Micheline Labelle examines the critiques provided by Quebec
academics of both the Canadian multiculturalism model and the Quebec
interculturalism model of diversity management. The analysis of the
critics of the Canadian multiculturalism model focuses on three theses
or arguments that they have articulated. The first thesis, fragmentation
theory, is that Canadian multiculturalism policy has facilitated the
establishment of a multicultural state, rather than a multinational
state, and that this has, in turn, contributed to a society that is
highly divided by a multiplicity of conflicting claims. The second
thesis is that Canadian multiculturalism policy has created tension
because it contradicts the Quebec interculturalism policy, negates the
status of the Quebec nation, and creates an obstacle for a pluralist
territorially-based Quebec citizenship. According to the authors who
uphold this thesis, diversity is embedded in the Quebec nation and,
therefore, it is the responsibility of the State to put in place and
coordinate measures that ensure participation of all segments of society
in the governance of the Res publica. The third thesis, which focuses on
the normative foundations of multiculturalism, rather than on Canadian
multiculturalism policy, is that the merits of multiculturalism must be
examined in relation to several different normative dimensions, such as
identity politics, the risks of essentialism, social cohesion and social
justice, communitarian multiculturalism, and liberal multiculturalism.
If, for a number of intellectuals, the federal and Quebec public
policies of diversity management converge, the emerging consensus is
that the two are distinct and that the interculturalism model evolved in
opposition to Canadian multiculturalism. Those who argue that there is a
convergence between the two policies fail to account for a number of
contradictions between the two models, contradictions that are reflected
in their position on official languages, in their approach to
integration and in the meaning attributed to citizenship. Finally,
Labelle identifies the following critiques of the Quebec
interculturalism model: first, it would be based on an under-estimation
by the government of Quebec of inequalities and discrimination and the
tendency not to devote sufficient attention to this problem in its
policy initiative; second, the Quebec state's categorization tends
to ethnicize its citizens. Labelle is critical of analysts who fail to
appreciate the diversity of views among Quebec intellectuals on the
effects and value of both the Canadian multiculturalism model and the
Quebec interculturalism model.
Karim H. Karim analyzes the multiculturalism debates in eight
large-circulation English-language dailies located in seven metropolitan
areas and one nationally-distributed paper for the period January 1,
2006-December 31, 2006. His analysis is organized under the following
four categories: values, identity, and citizenship; societal integration
and disintegration; terrorism, multiculturalism, and Muslims; and
multiculturalism in other countries. He notes that criticisms related to
the political expediency associated with multiculturalism policy and
programs to obtain more votes from ethnic minorities, which were two
major threads in press discussions of multiculturalism in the 1980s,
were not significant in the 2006 research sample. Others, such as
criticism of multiculturalism for weakening Canadian values and
citizenship continued as a major theme. Despite the fact that criticisms
of multiculturalism persisted, he notes that, compared to the 1980s, the
focus of the public debate on this topic has shifted away from
dismantling the policy in favour of fixing any of its problematical
aspects and maintaining it.
Chedly Belkhodja examines the critiques of multiculturalism
provided by Anglophone and Francophone neo-conservatives in Quebec
primarily in recent editions of two journals--Argument and L'Action
nationale. His analysis reveals that the current critiques echo some of
the views expressed in the more distant past by conservative Quebecois
nationalists. However, he suggests that the contemporary critique of
multicuhuralism in Quebec has moved beyond the original argument that
multicuhuralism would have an adverse effect on the national and
linguistic duality, valued by those who subscribe to the "two
founding nations theory" of Canada, to include concerns regarding
the adverse effects on the following matters: the development of a
cultural identity for all residents in the province, the construction of
a cosmopolitan Quebecois community, and social integration and cohesion.
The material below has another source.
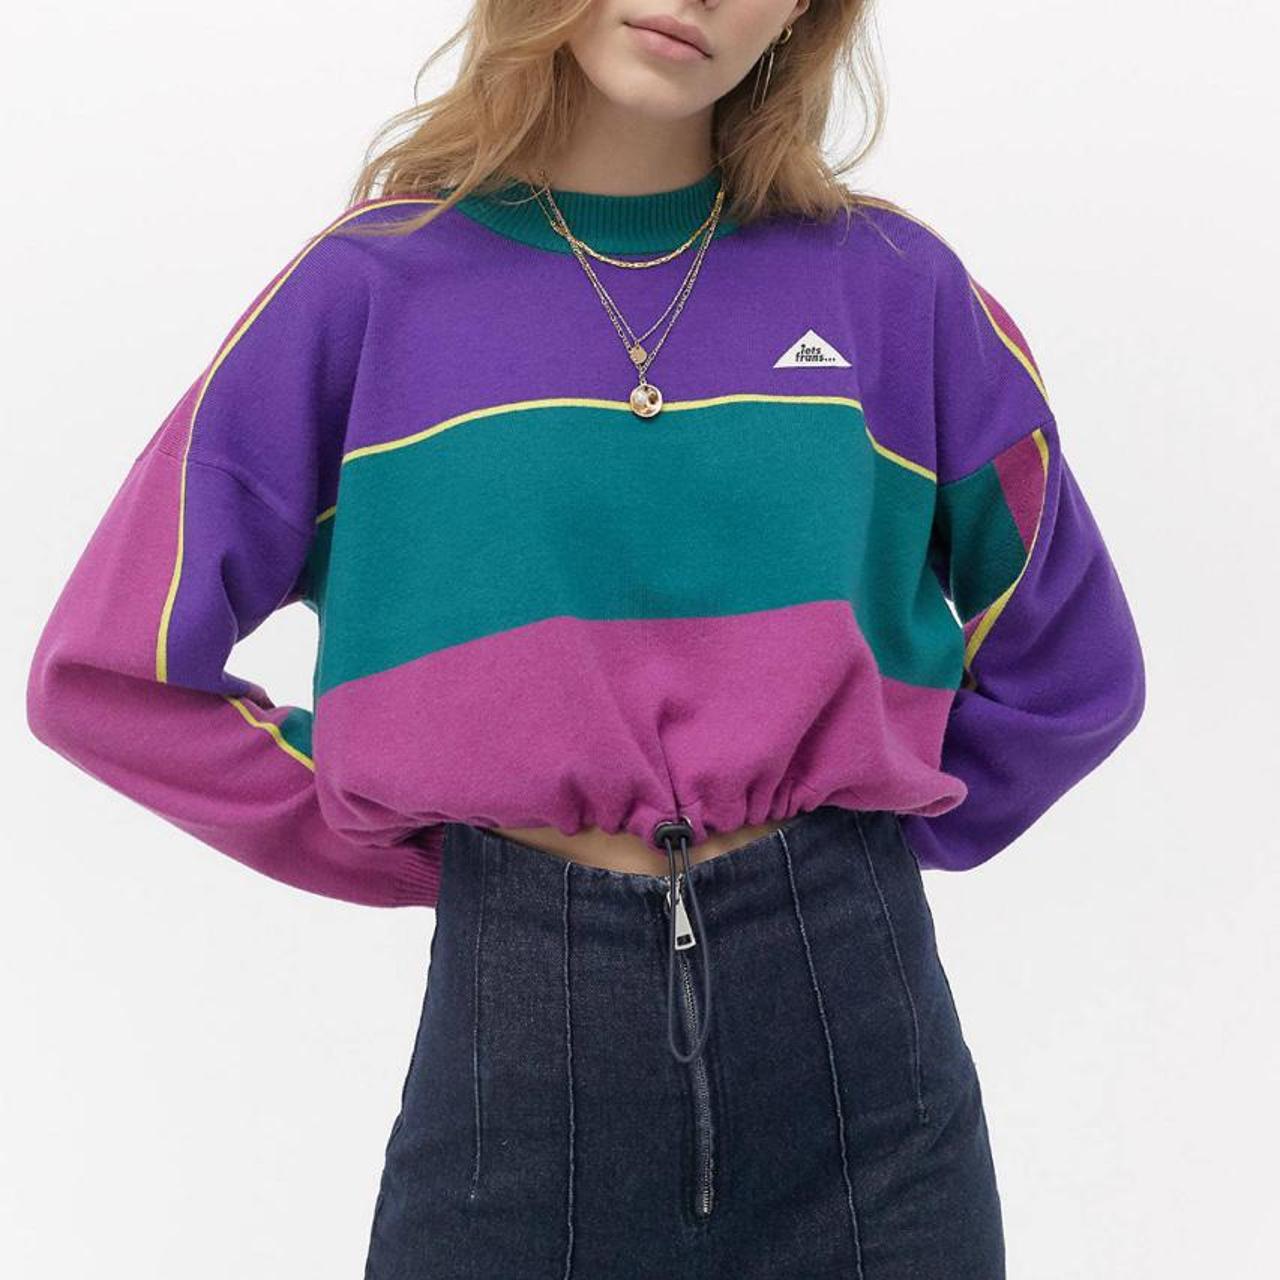 Urban Outfitters Women's Purple and Pink Sweatshirt

Anna Kirova examines critical discourses in the academic literature
on multicultural education that point to the major flaws in
multicultural education theory which have led to practices that have
achieved effects opposite to the intent of the Canadian Multiculturalism
Act. She notes arguments in the literature that current multicultural
education practices in Canada based on ethno-racial distinctions (i.e.,
curricula essentializing knowledge about "Other" cultures and
celebrating them) have not contributed to the elimination of racism nor
to the unequal treatment of minority, non-White students; nor have they
led to the critical examination of the dominant White, middle-class
Eurocentric culture. She also notes some of the suggestions being made
in the context of the "post-multiculturalism" discourse on how
to overcome these flaws in multicultural education theory and practice.
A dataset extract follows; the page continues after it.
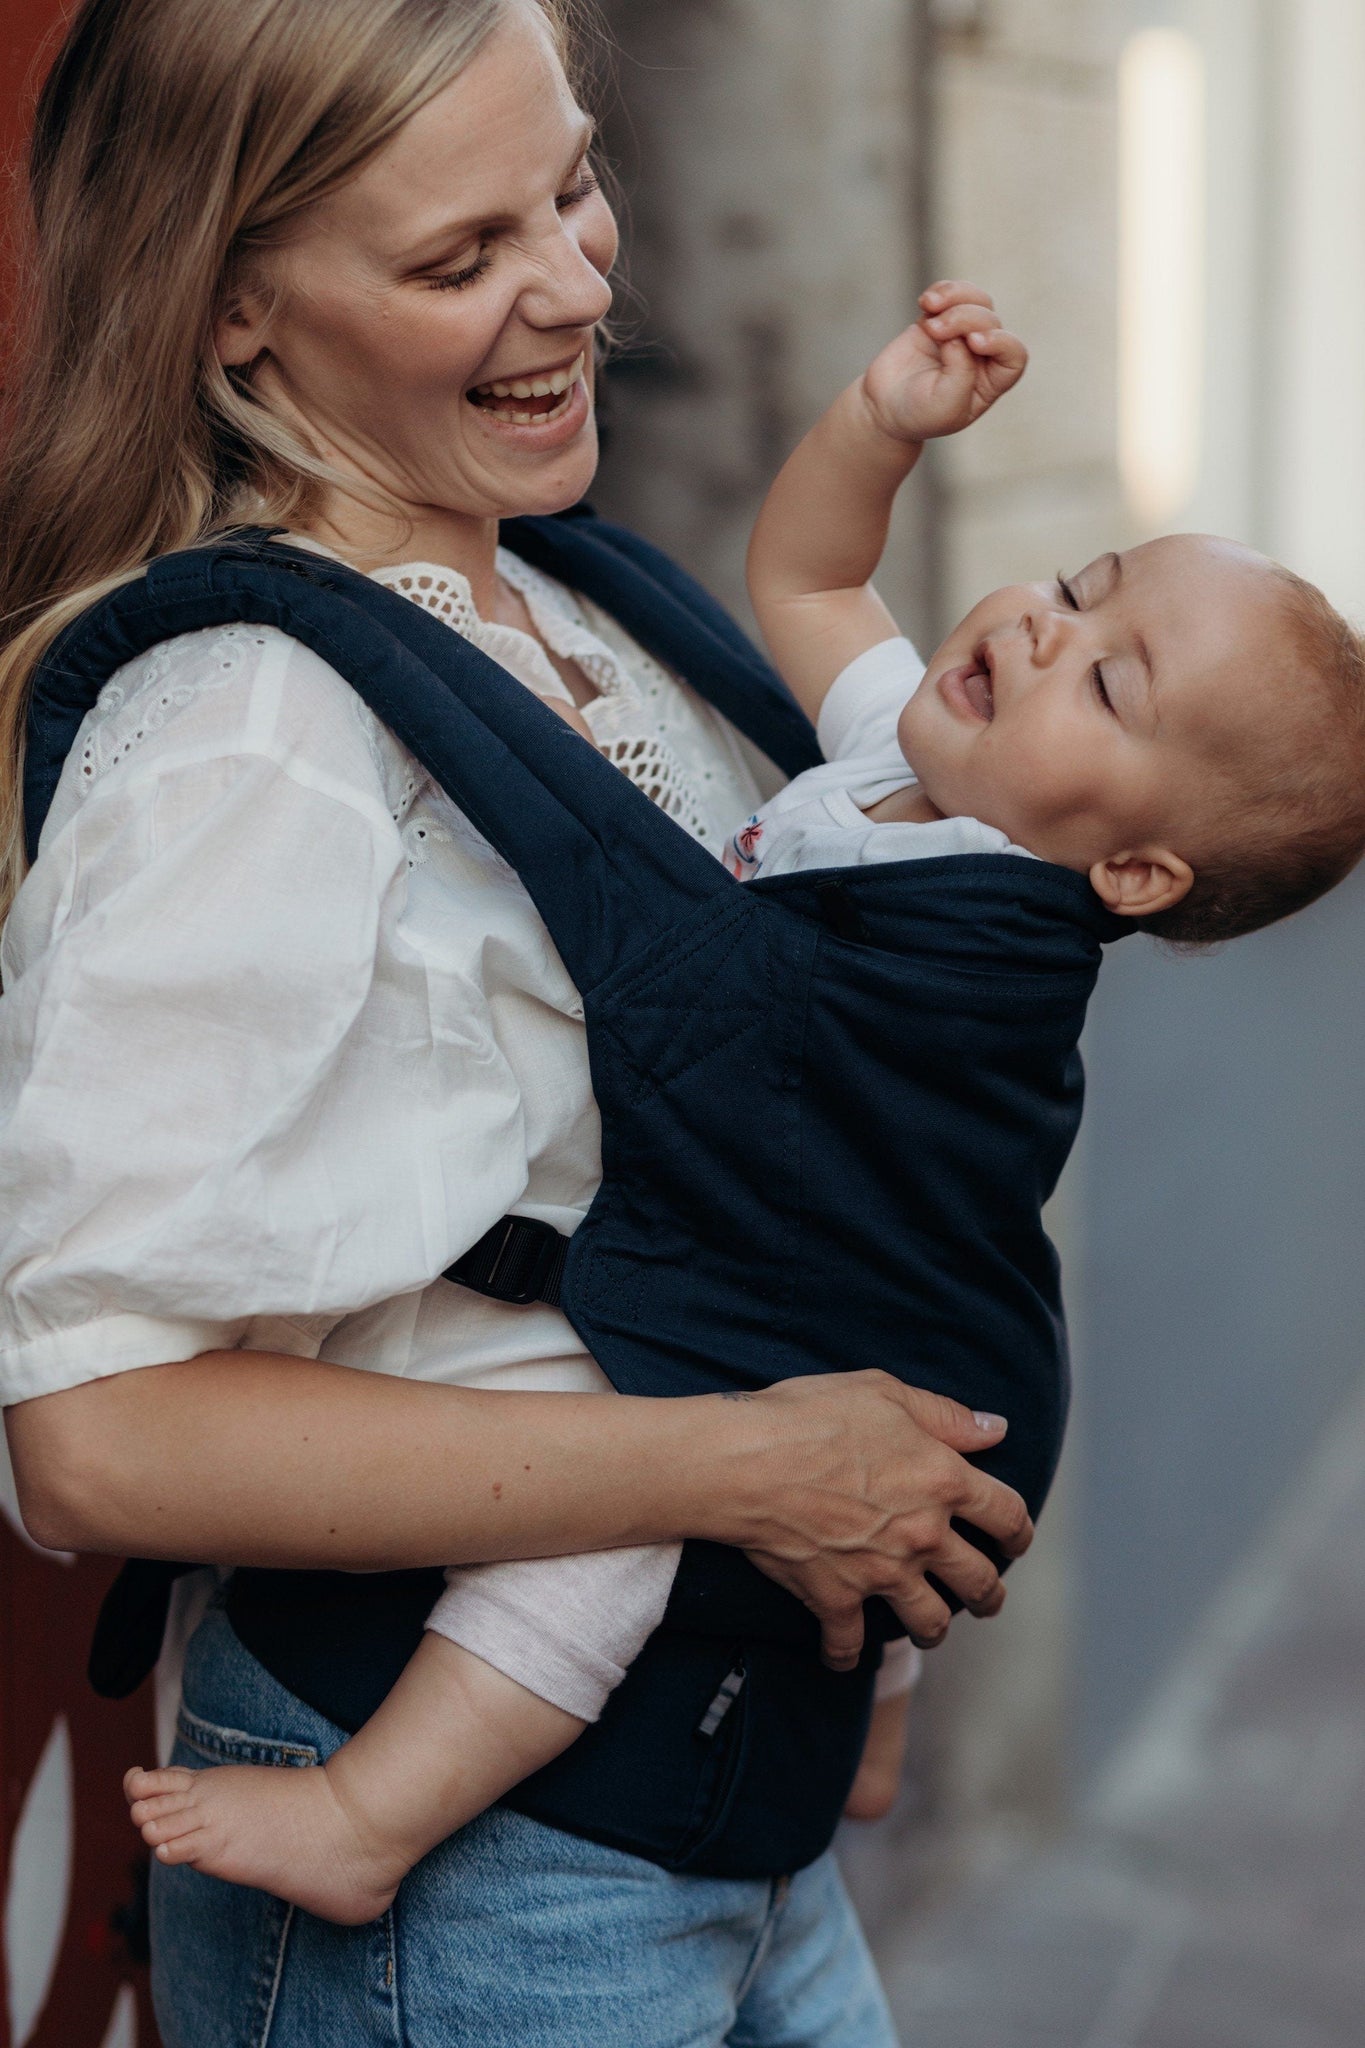 Boba classic baby carrier Navy. Our streamlined soft structured baby carrier is designed to go and grow with your little one. This ergonomic front facing baby carrier is ready to use from infant to toddler.

She concludes with a discussion of some possible implications of the key
findings of the review for multicultural education. Among other things,
she notes that multicultural theory and practice makes it difficult to
formulate a coherent multicultural education mission that speaks to the
multiplicity of identities, fluidity of culture, negotiation of power in
the cultural space, and the new politics of difference based on
universal dignity and equality. She concludes with some suggestions
regarding how provincial ministries of education might develop such a
coherent multicultural education mission, given the identified shifts in
meaning of culture, cultural difference, cultural identities,
citizenship, and civic and national identities.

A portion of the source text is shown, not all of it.